Лишь иногда гладя себя по животу, она пыталась поговорить с тем, кто был внутри неё. Услышав её голос, этот кто-то начинал неистово ворочаться и бить по стенке живота своими маленькими пяточками, что вызывало у Кати сильную боль.
– Ах ты маленькое чудовище! Ну погоди же! – злилась она, жалея себя до слёз, и уходила туда, где её не могли сейчас увидеть.
Что же касалось графа, то помимо семейных проблем, ему не давал покоя финансовый вопрос, и несмотря на то, что подошло время, когда в любой момент у Кати могли начаться роды, он не переставал ездить в Петербург, находясь там иногда по нескольку дней. Желание восстановить свой капитал до прежнего уровня, вот что руководило им, и в первую очередь потому, как жена заявила, что ближе к осени намерена вернуться жить в столицу. По этой причине, Александр Васильевич был вынужден потребовать деньги по распискам от всех своих должников, что в конечном счёте ему удалось.
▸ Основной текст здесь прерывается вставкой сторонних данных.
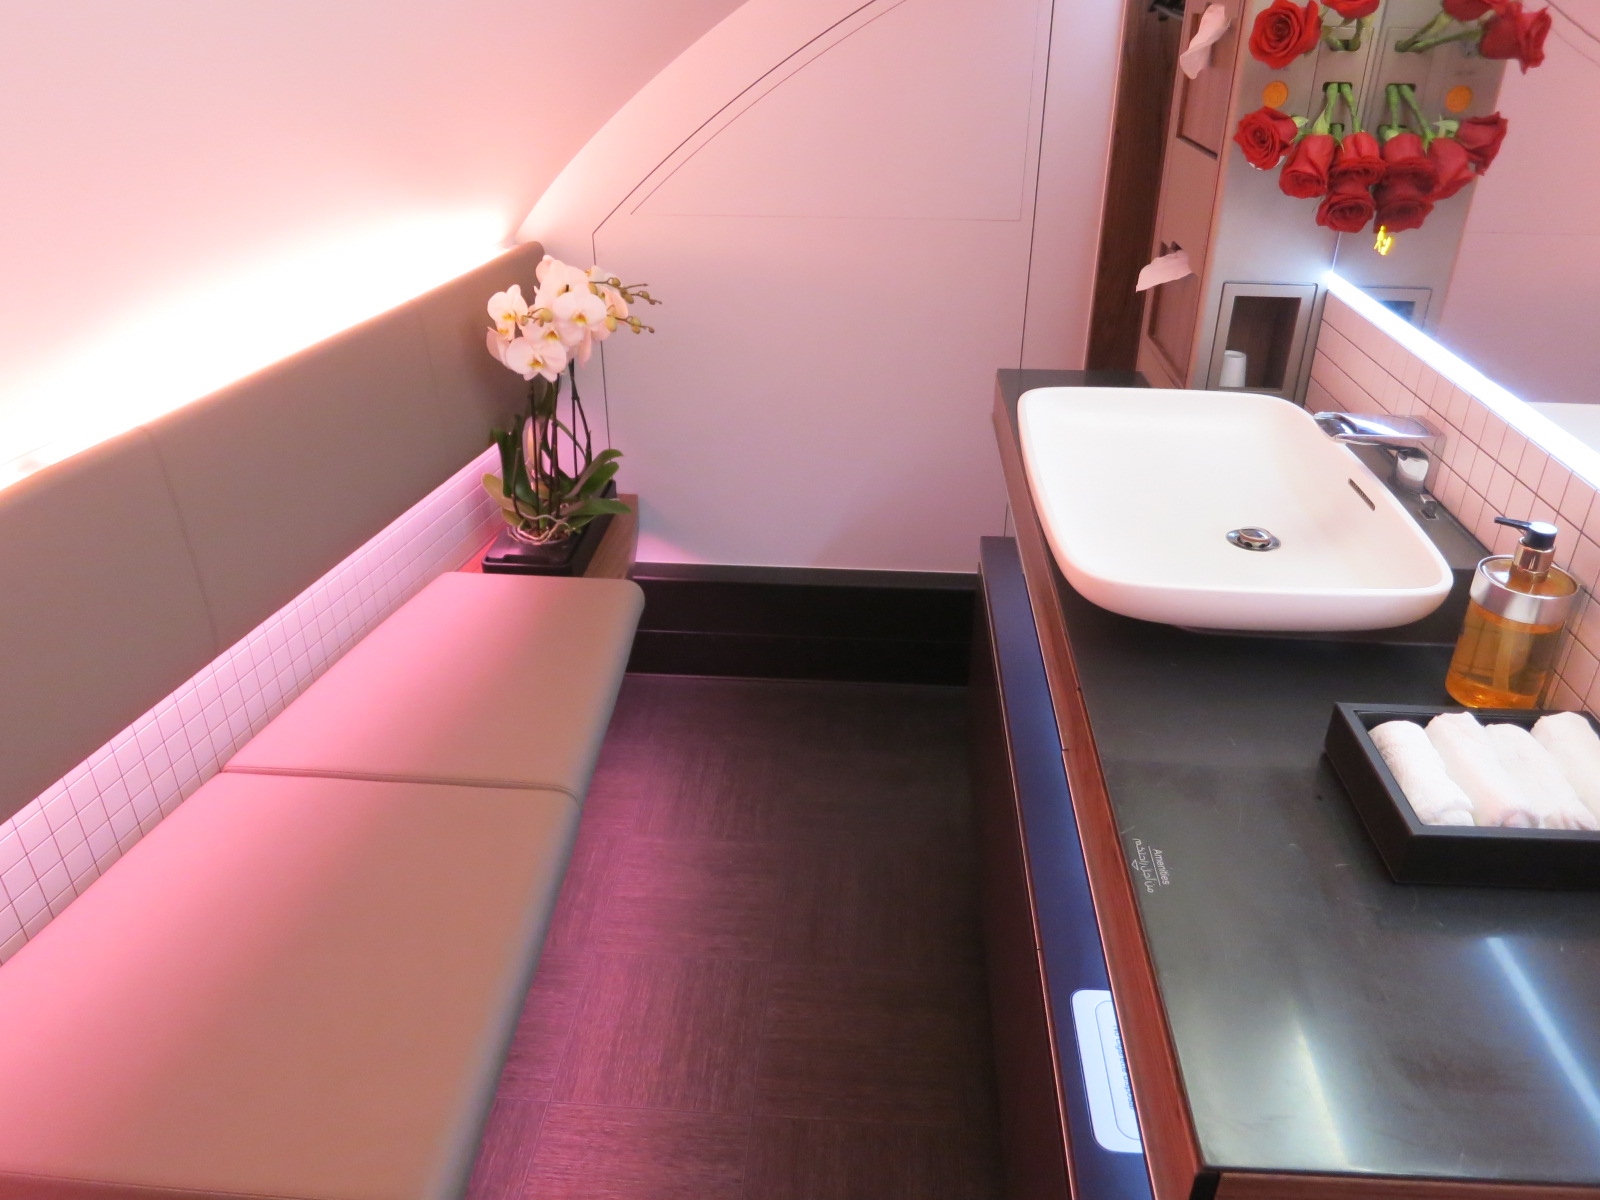 Qatar Airways A380 first class bathroom Bangkok-Doha 
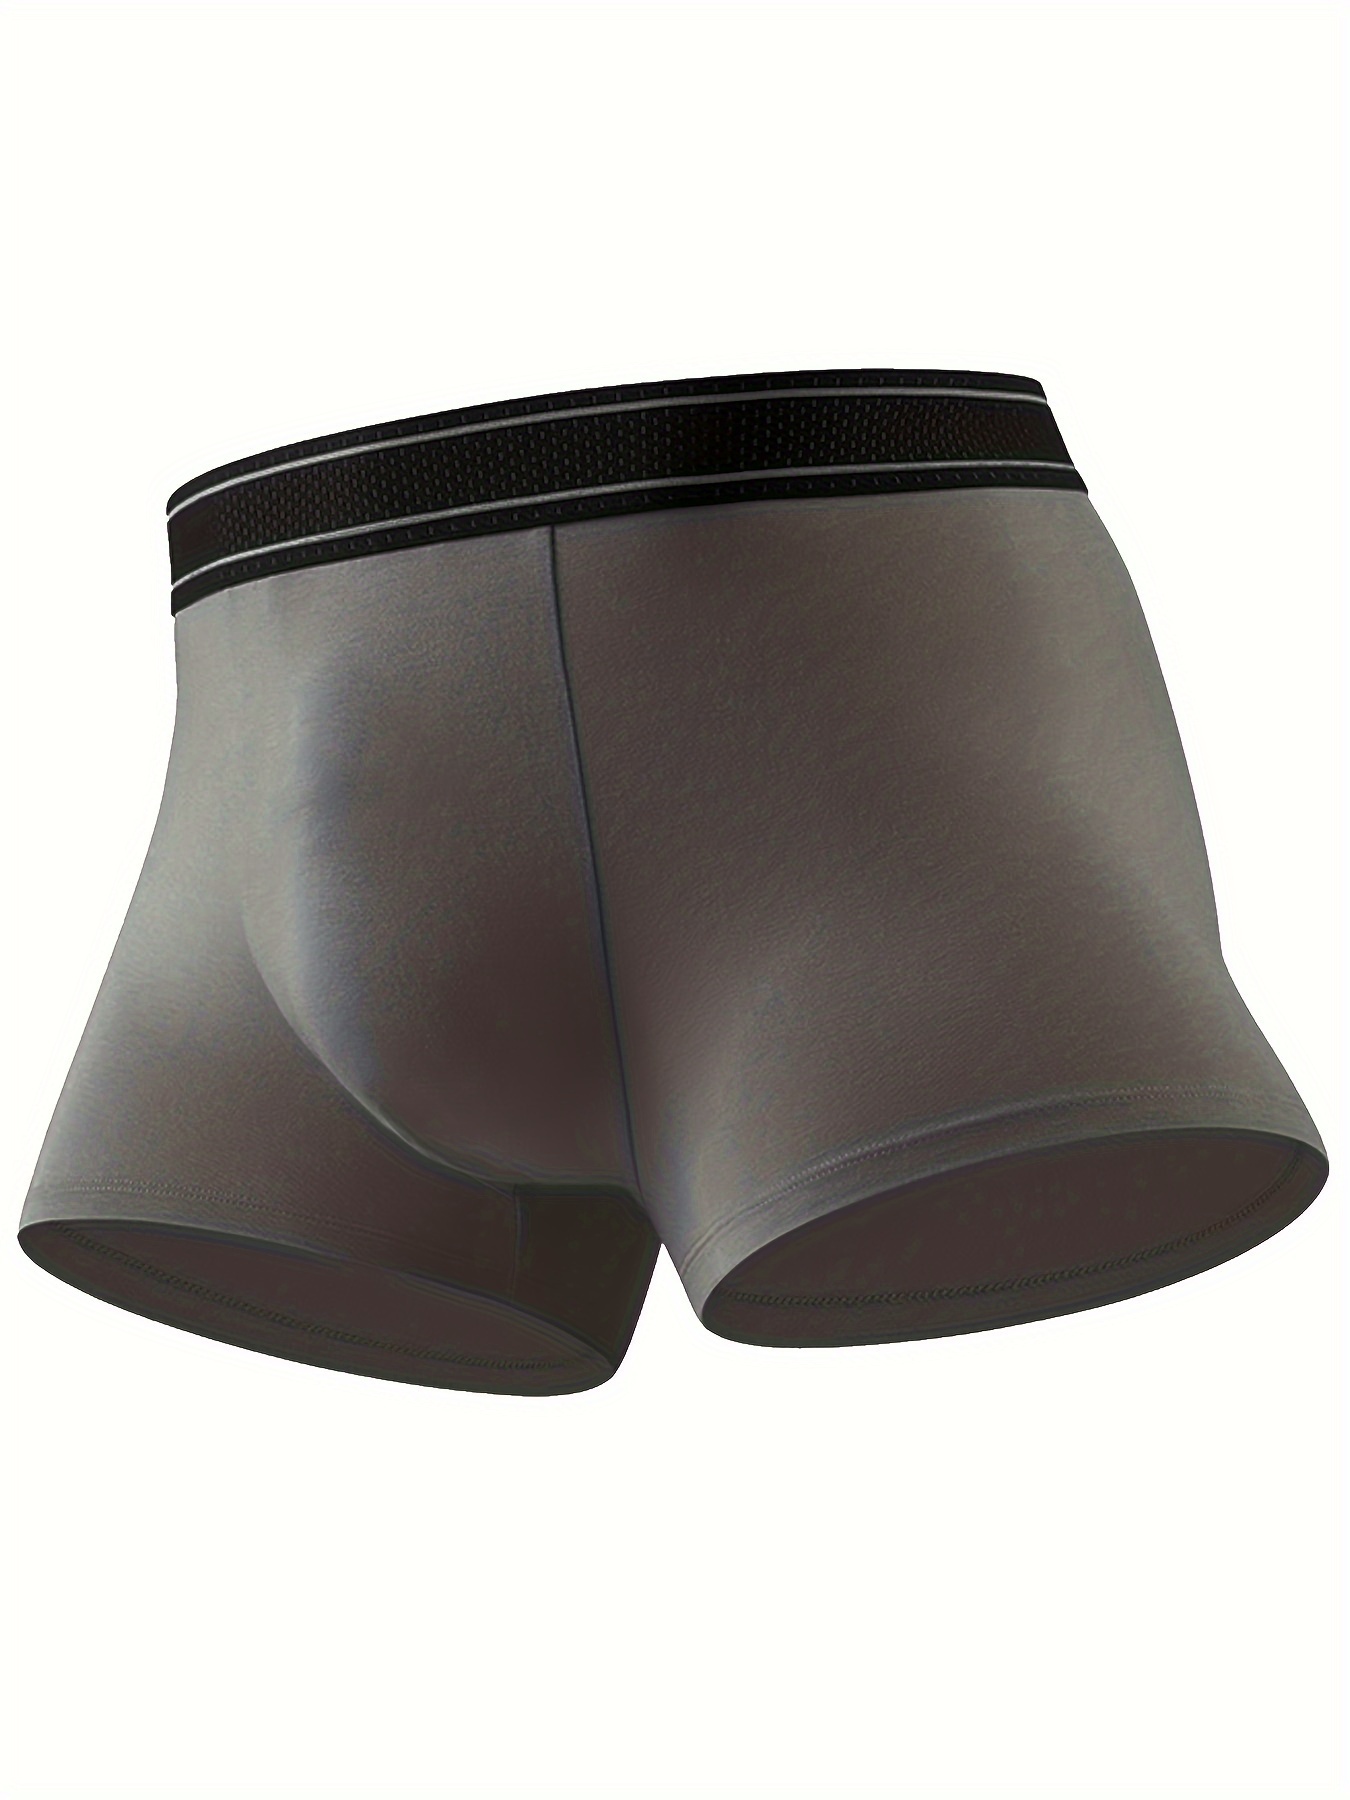 LAPASA Men's Boxer Briefs 4-Pack Cotton Stretch Underwear with Fly

Часть из полученных денег он отослал детям в Ниццу, остальные были вложены сразу в несколько, как ему казалось, перспективных проектов. Однако, по прошествии короткого времени, стало известно о крахе всех его финансовых вложений. Результат оказался плачевным, ибо принятые им меры по восстановлению капитала, обернулись потерей большей половины оставшихся денег, он был практически разорён. В распоряжении четы Дементьевых, оставался дом в Петербурге, имение, их содержимое, и сумма денег, которой было недостаточно для обеспечения высокого уровня жизни, а также содержания недвижимости и многочисленного штата прислуги. Но причиной подавленного состояния графа при возвращении из Петербурга, в большей степени был факт невозможности скрытия от жены их реального финансового положения.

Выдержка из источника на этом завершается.